The representation shown in FIG. 5 depicts the application of a wireline rig 50 which is typically a truck mounted device operating a cable 51 that is lowered into the well and used to place or extract tools, among other uses. Retrieval would involve opening access to the well through the lubricator 30 and lowering the retrieval tool 52 to the location of the staging tool seal assembly 38, after the upper plunger 37 has been removed. The retrieval tool 52 engages the fishing neck of the staging tool seal assembly and applies an upward force to remove the entire tool from the well.
During such upward (or downward) force, the elastomeric seal assembly 18 is hence protectively covered/uncovered by the articulatable relationship of the seal retractor cup 19 and the retaining sleeve 20 effecting radial displacement, i.e. radial expansion/radial contraction of the seal 18 towards and away from sealing (and wearing) engagement of the walls of the well's tubing. It is to be noted that other embodiments of this concept may include pressurizable/depressurizable annular seals, pivotable swinging of annular seal members or the like.

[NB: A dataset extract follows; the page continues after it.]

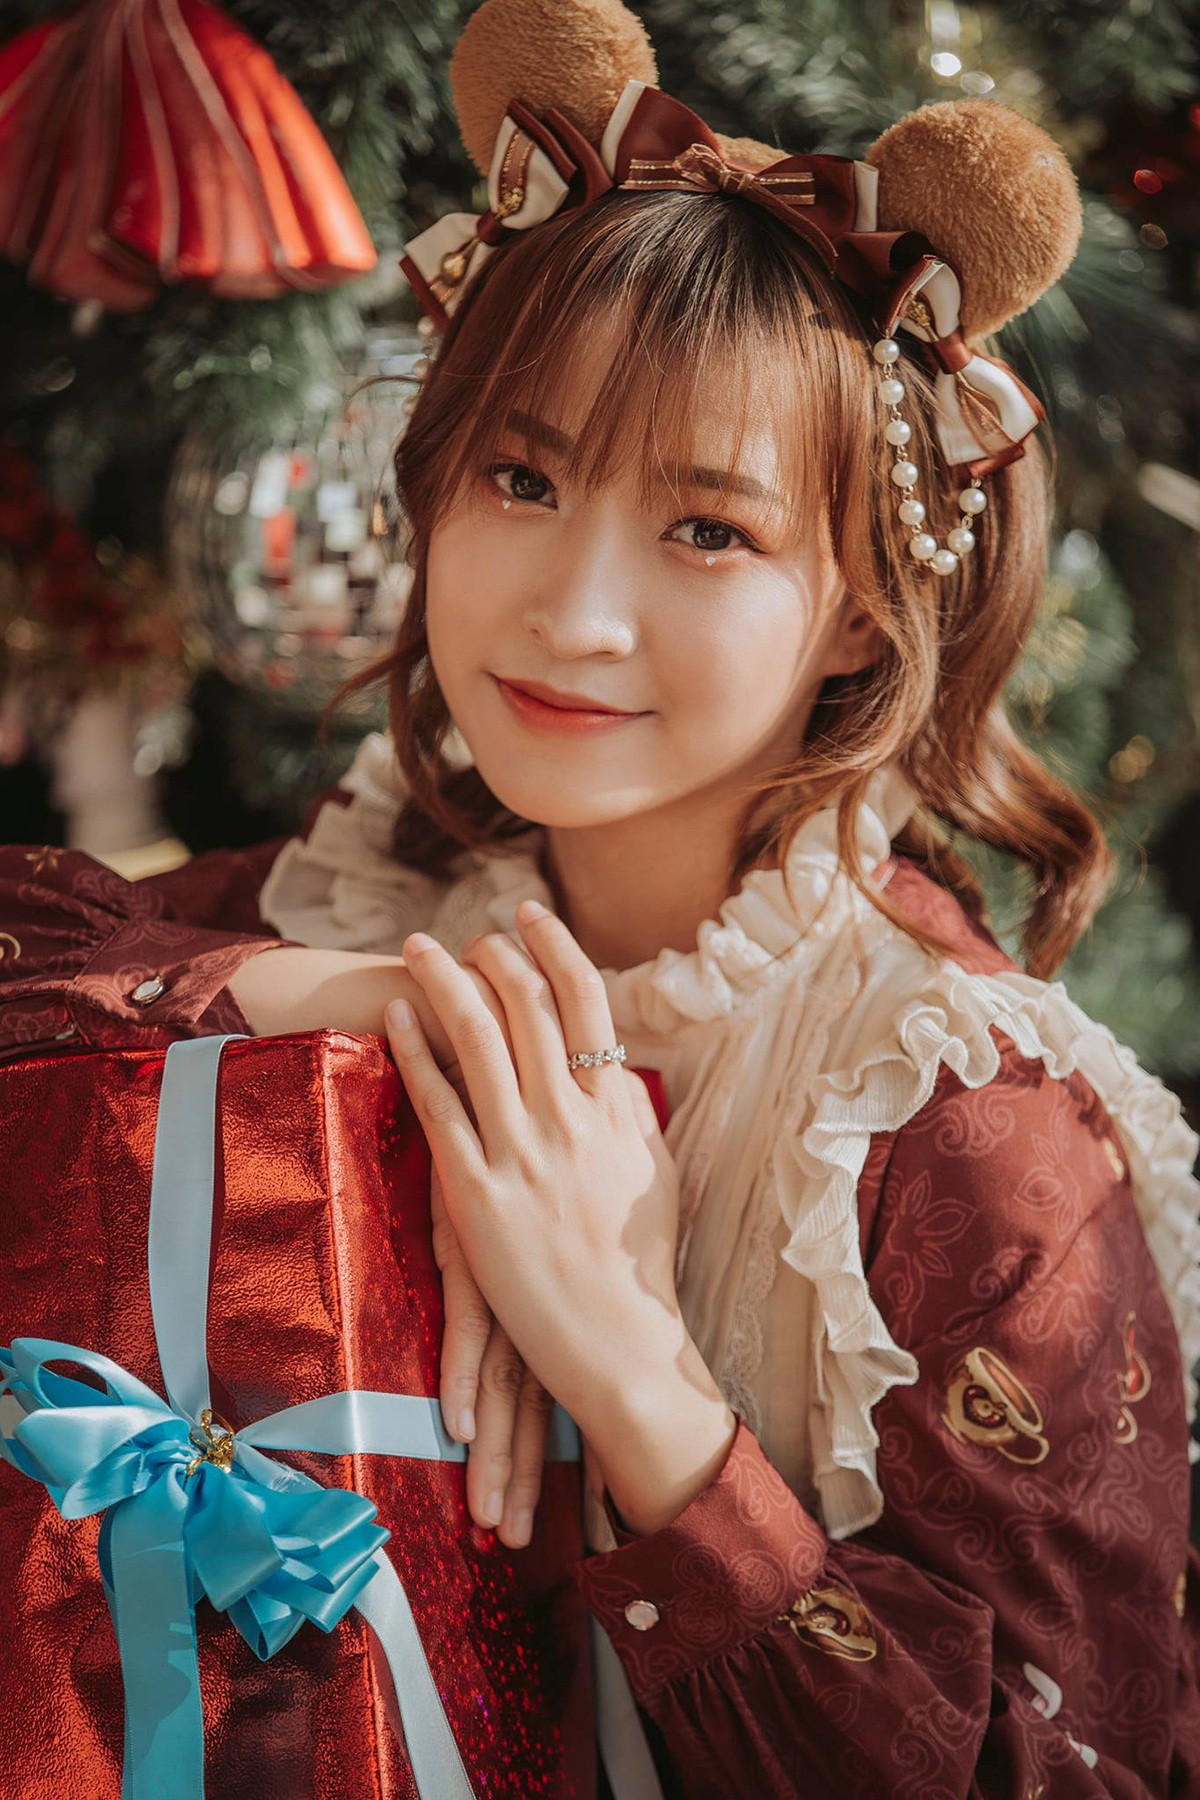 Bộ ảnh đón Giáng sinh ngọt ngào của nữ sinh xứ Nghệ - 3

The operation of the staging tool system relates to the tool run in the well with the sleeve covering the sealing elements protecting them from the tubing wall. When the staging tool is set, the tubing and/or collar stop sets first and then with further jarring down on the staging tool, with the jars on the running tool, it operates to move the sleeve lower exposing the elastomer seals. On retrieval of the staging tool, the pulling tool is set down on top of the fishing neck. Overshot dogs on the pulling tool engage the fishing neck of the staging tool and pulling up the fishing neck of the staging tool exposes an equalizing hole, whereby the pressure above the elastomeric seals is equalized with the pressure below the seals. By further pulling up on the fishing neck of the staging tool after the pressures are equalized, the seal retaining sleeve moves upwardly compressing and enclosing the elastomer seals. Once the retaining sleeve is all the way in its “up” position, then the tubing or collar stop is permitted to release and the entire tool may be lifted out of the well hole.